The problem is that while statins have been proved incontrovertibly to be invaluable as part of secondary prevention, the data surrounding primary prevention is controversial. The gains are modest: 140 people with a five-year risk of less than 10 per cent need to be treated with statins for five years to prevent one heart attack or stroke. There is also no reduction in overall mortality or serious adverse events — and all the while patients are exposed to the side effects of the drugs.
Reported side effects of statins include trivialities like myopathy, rhabdomyolosis, diabetes, liver dysfunction, acute renal failure and cataracts, cognitive symptoms, neuropathy and sexual dysfunction, decreased energy and exertional fatigue, and psychiatric symptoms including depression, memory loss, confusion, and aggressive reactions. Additional side effects may paradoxically include a higher risk of breast cancer.
How common are these side effects? According to Professor Collins, the incidence is nine per cent (not the 18-20 per cent rate quoted in the BMJ and later corrected). But his analysis was restricted only to cardiovascular and potential cancer-causing side effects, not the full spectrum. This changes the picture substantially.
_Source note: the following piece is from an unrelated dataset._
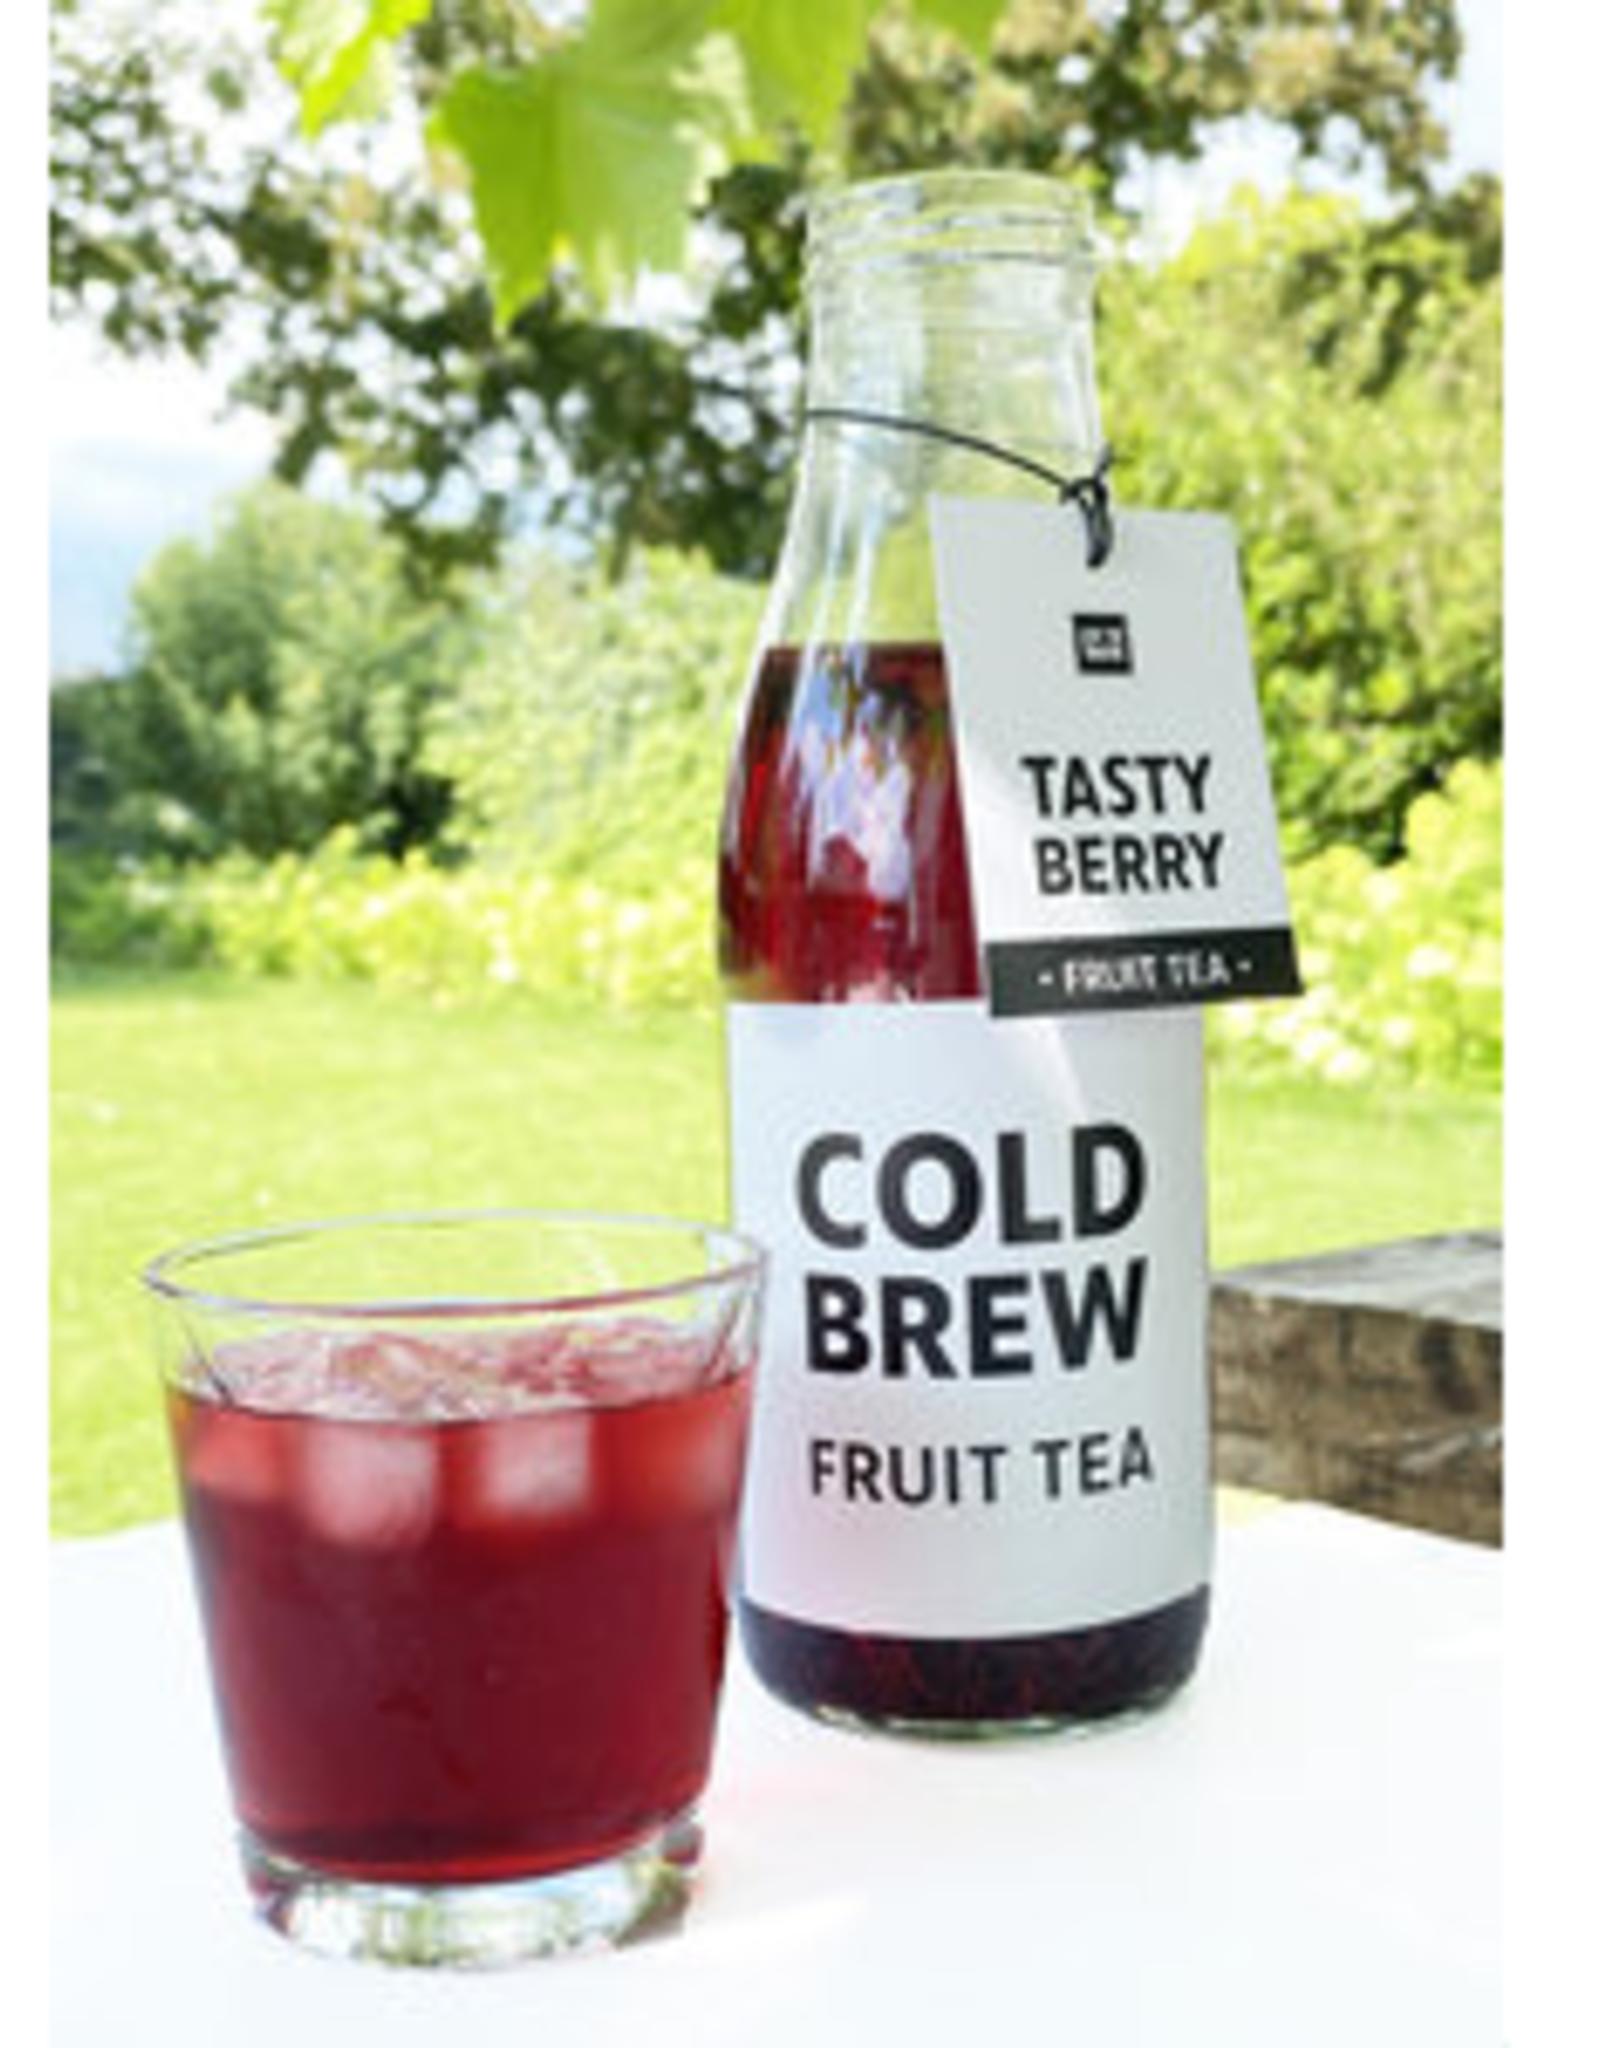 "LIV 'N TASTE Cold Brew Fruit Tea ""Tasty Berry"" - Liv 'n Taste"

It is astounding, too, that the meta-analysis which paved the way for a NICE guideline is based on data that isn’t available for peer review or outside scrutiny. One wonders if this is an impediment to transparency and scientific integrity, especially given the fact that industry-sponsored trials are more likely to report positive results and lower side effect profiles than non-industry sponsored trials. The era of ’eminence-based medicine’ was supposed to have passed but is apparently alive and well.
Are there any options for those wanting to lower their risks of vascular disease without having to take a drug? No direct trials of statins alone versus lifestyle modification in otherwise healthy individuals have been done (and in my mind will never be done as no one will fund them), but evidence suggests that lifestyle modification can have profound effects on risk.
Statins work by decreasing the synthesis of cholesterol via inhibition of the enzyme HMG-CoA reductase, but they also have a significant anti-inflammatory effect which may explain the reduction in risk seen in those with pre-existing cardiac disease.
By some strange coincidence, a low-carbohydrate diet has the same effect on cholesterol as well as vascular inflammation.
Consuming nuts, extra virgin olive oil and fatty fish all have a powerful effect on risk. Evidence for these are found in the DART trial (29 per cent reduction in all-cause mortality in patients surviving a heart attack who consume fatty fish), the GISSI Prevention Trial (supplementing Omega-3 fatty acids significantly reduced all-cause and cardiovascular mortality in heart attack survivors) and the PREDIMED trial (energy unrestricted diet supplemented with extra virgin olive oil or nuts achieved a 30 per cent reduction in major cardiovascular events in patients free of vascular disease).
Patients need to be aware that the ‘evidence’ for statins for primary prevention is controversial. Guidelines are often far from the final word. In the case of the statins guidelines, one also has to wonder about outside influence. Eight out of the 12 members of the guideline committee had ties to the drug industry — a surprising coincidence. Merely announcing a conflict of interest does not magically result in a loss of bias.
For secondary prevention, statins indisputably have their place. For primary prevention, my opinion is that evidence-based lifestyle modifications should be undertaken, with recourse to drugs as the last resort. If you’re sceptical, just ask all the lucky people who have experienced the side effects.